Information supplied Start Marker

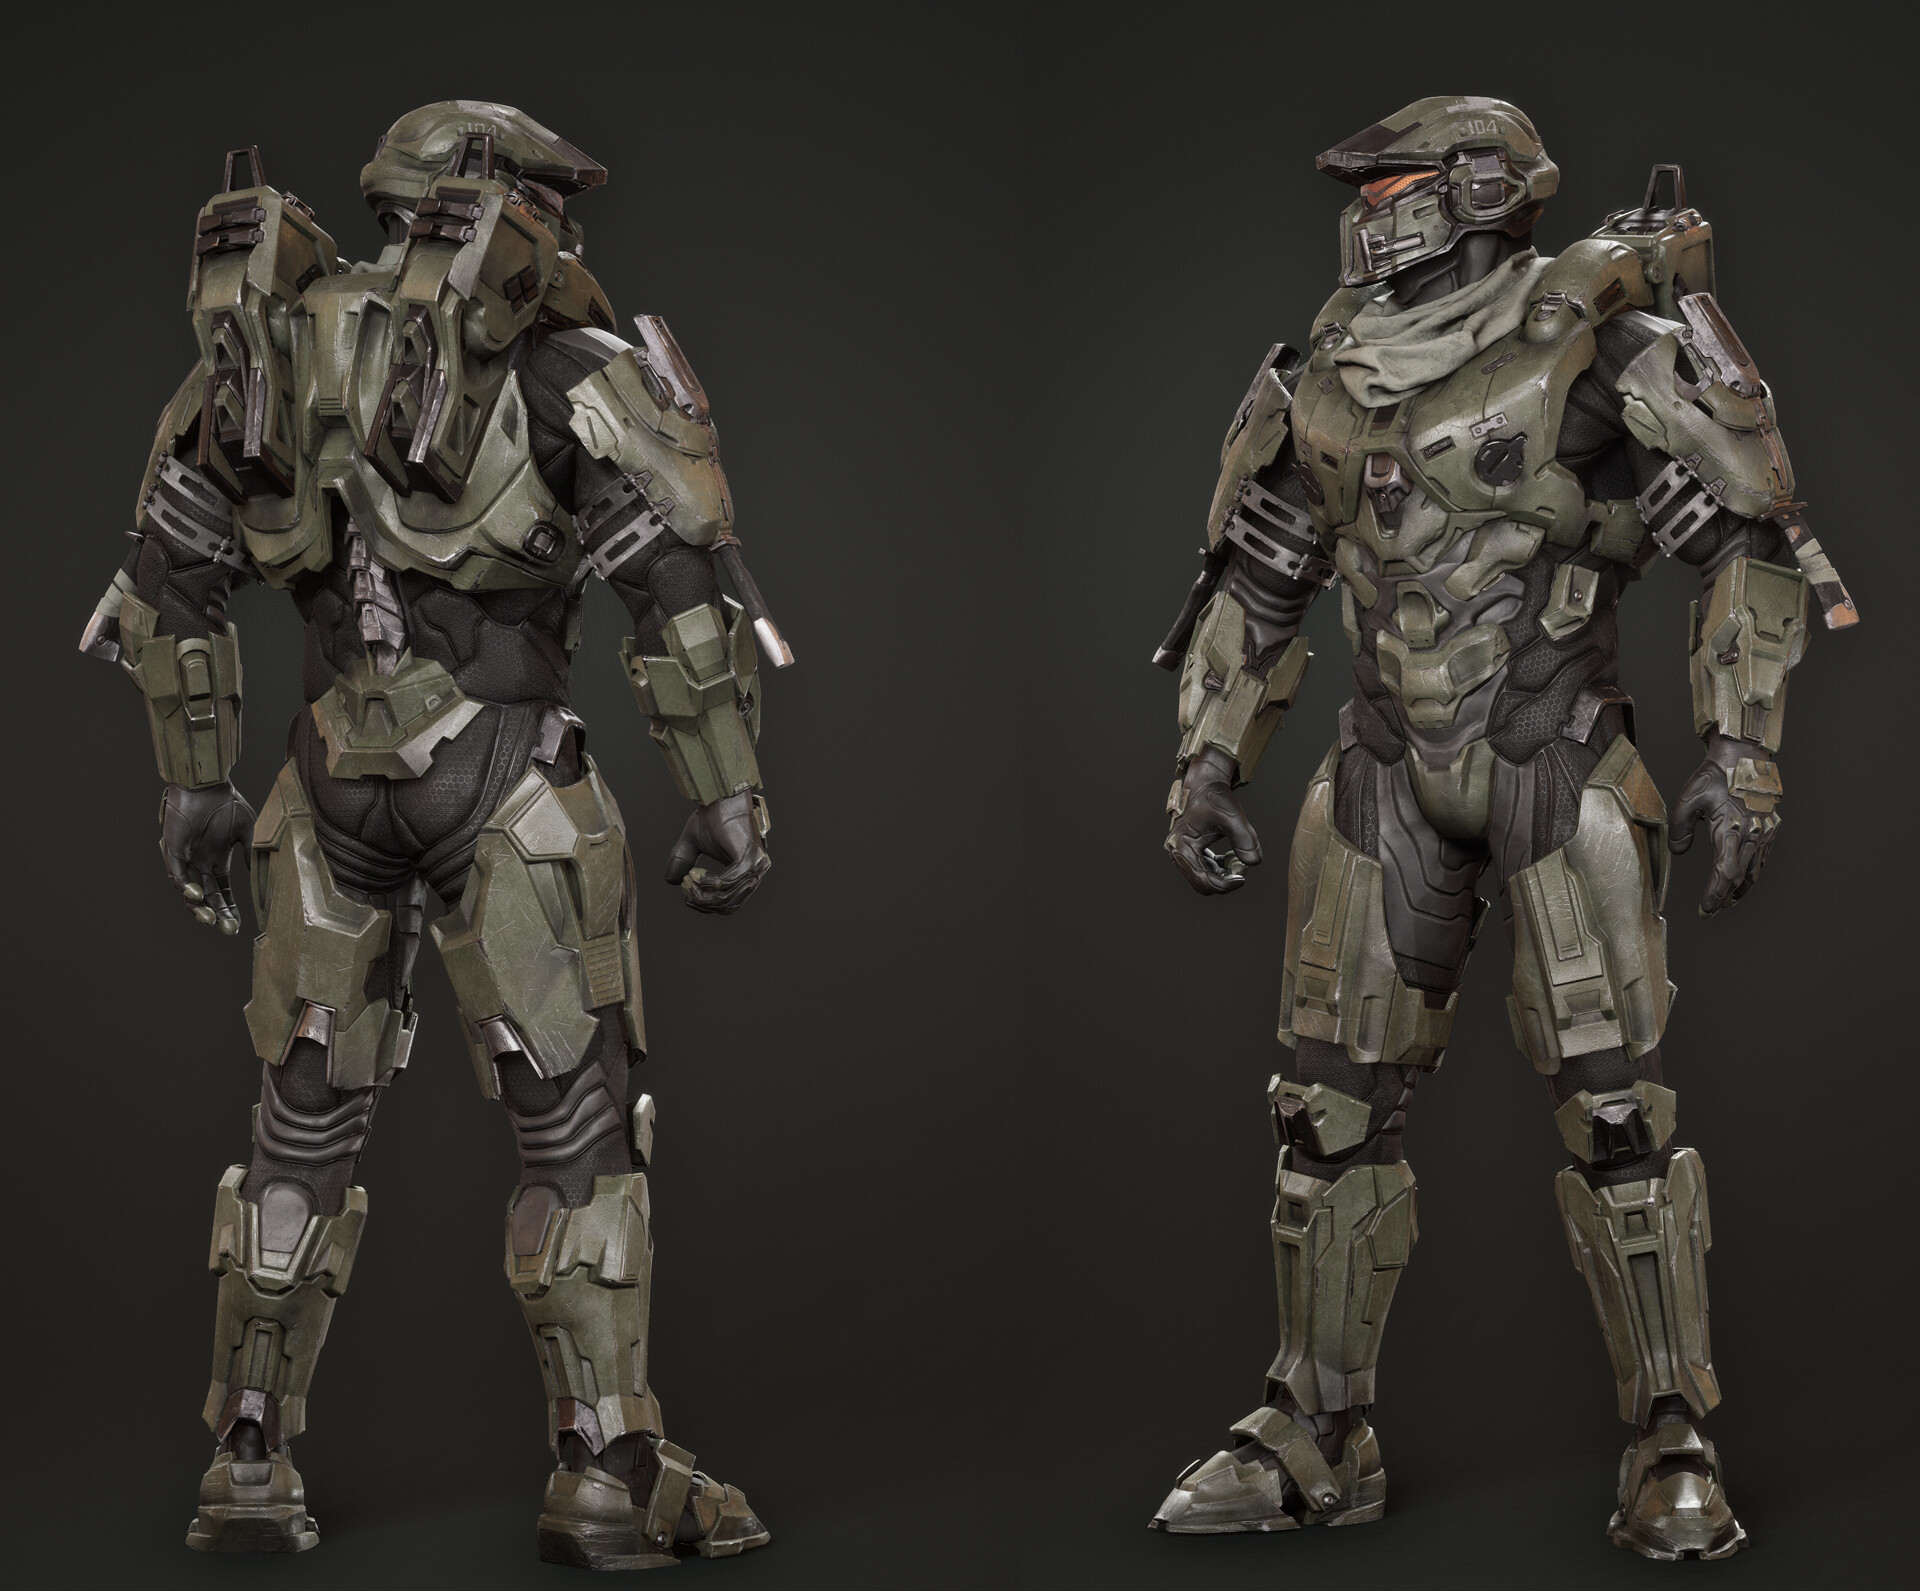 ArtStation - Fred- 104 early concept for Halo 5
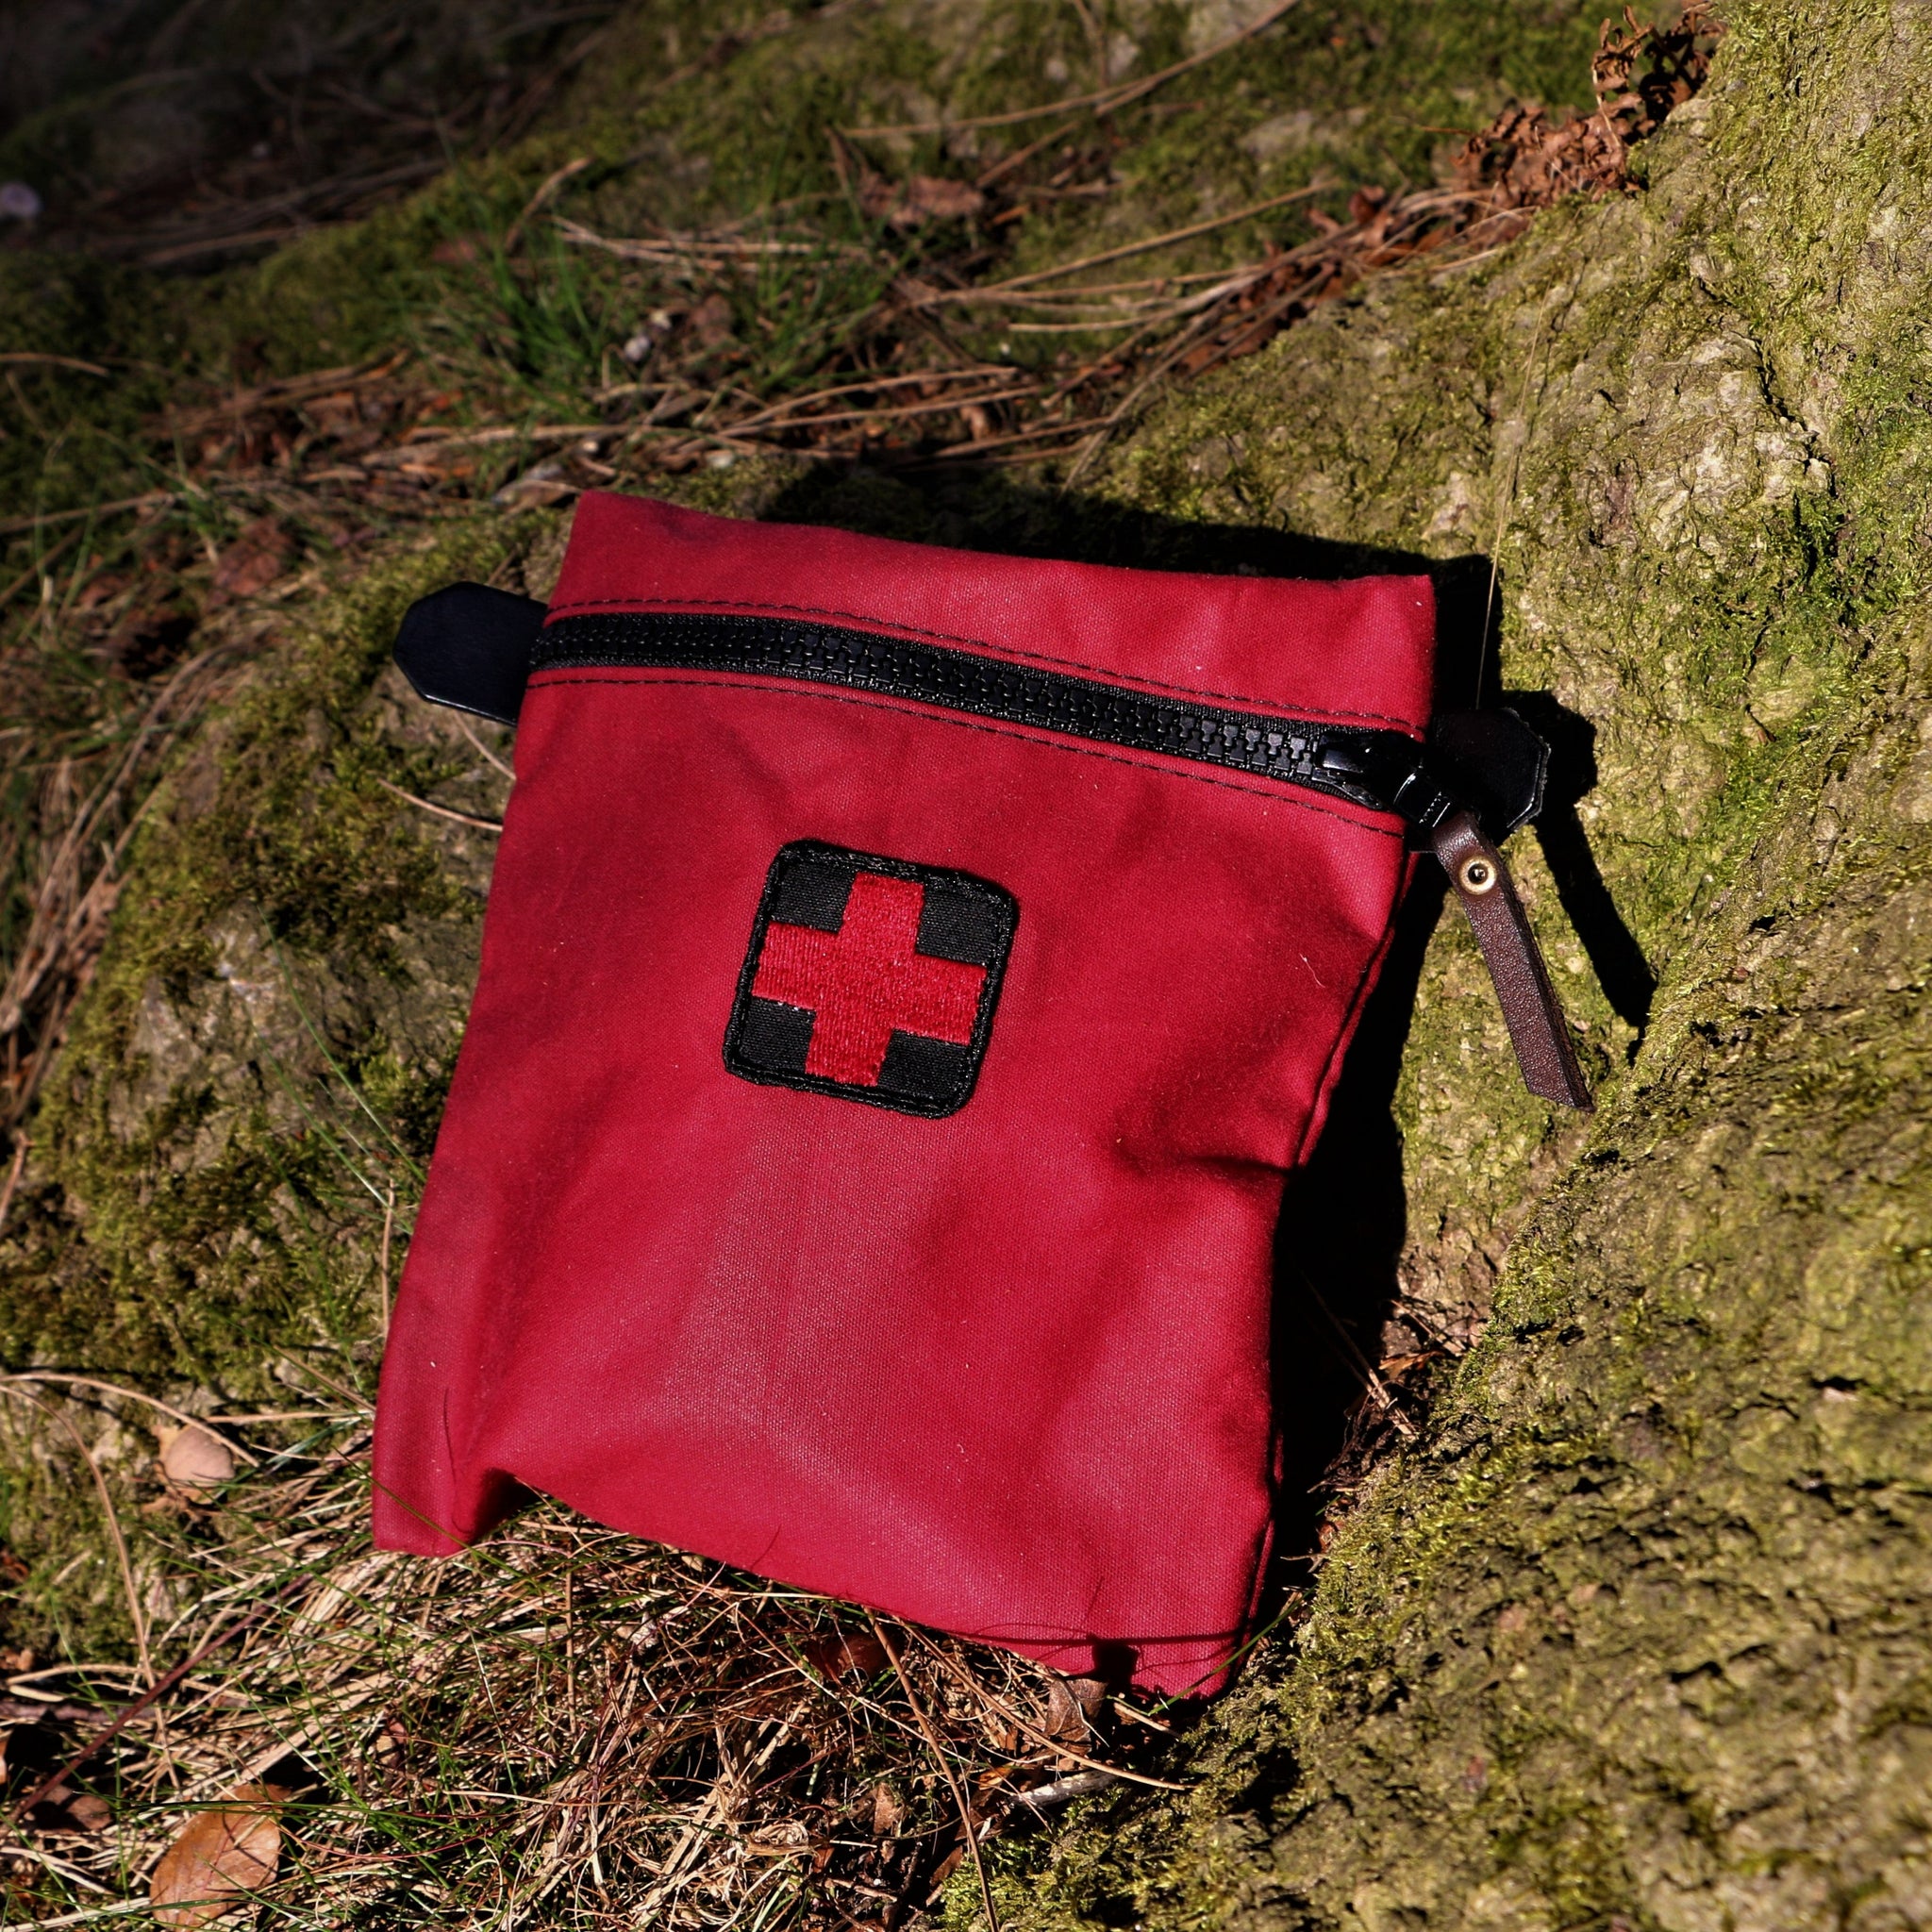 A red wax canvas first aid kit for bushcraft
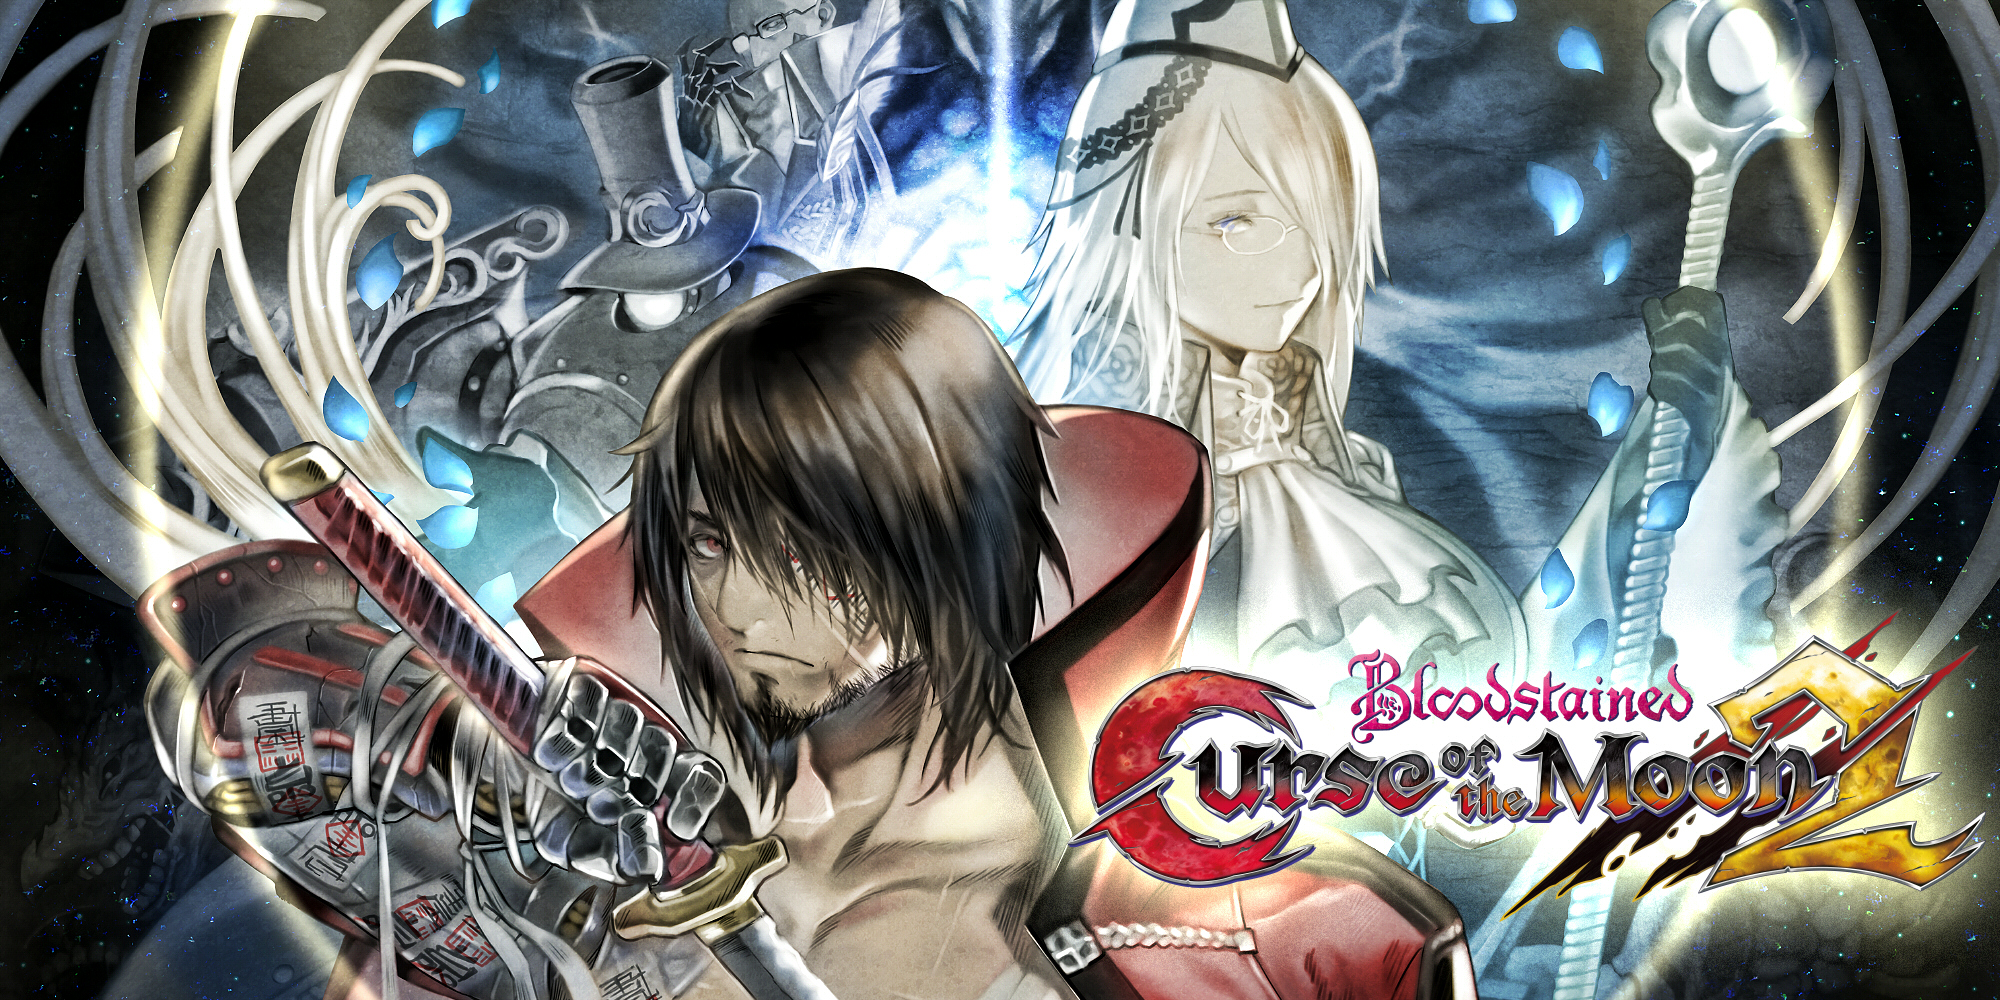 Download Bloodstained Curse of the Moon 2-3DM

Information supplied End Marker

• Task
What you need to retype is every line from the one that has "A red wax canvas first aid kit for bushcraft" through the last line of the listing, both included, with the pictures left out.

• Solution to this exercise
 A red wax canvas first aid kit for bushcraft
 Download Bloodstained Curse of the Moon 2-3DM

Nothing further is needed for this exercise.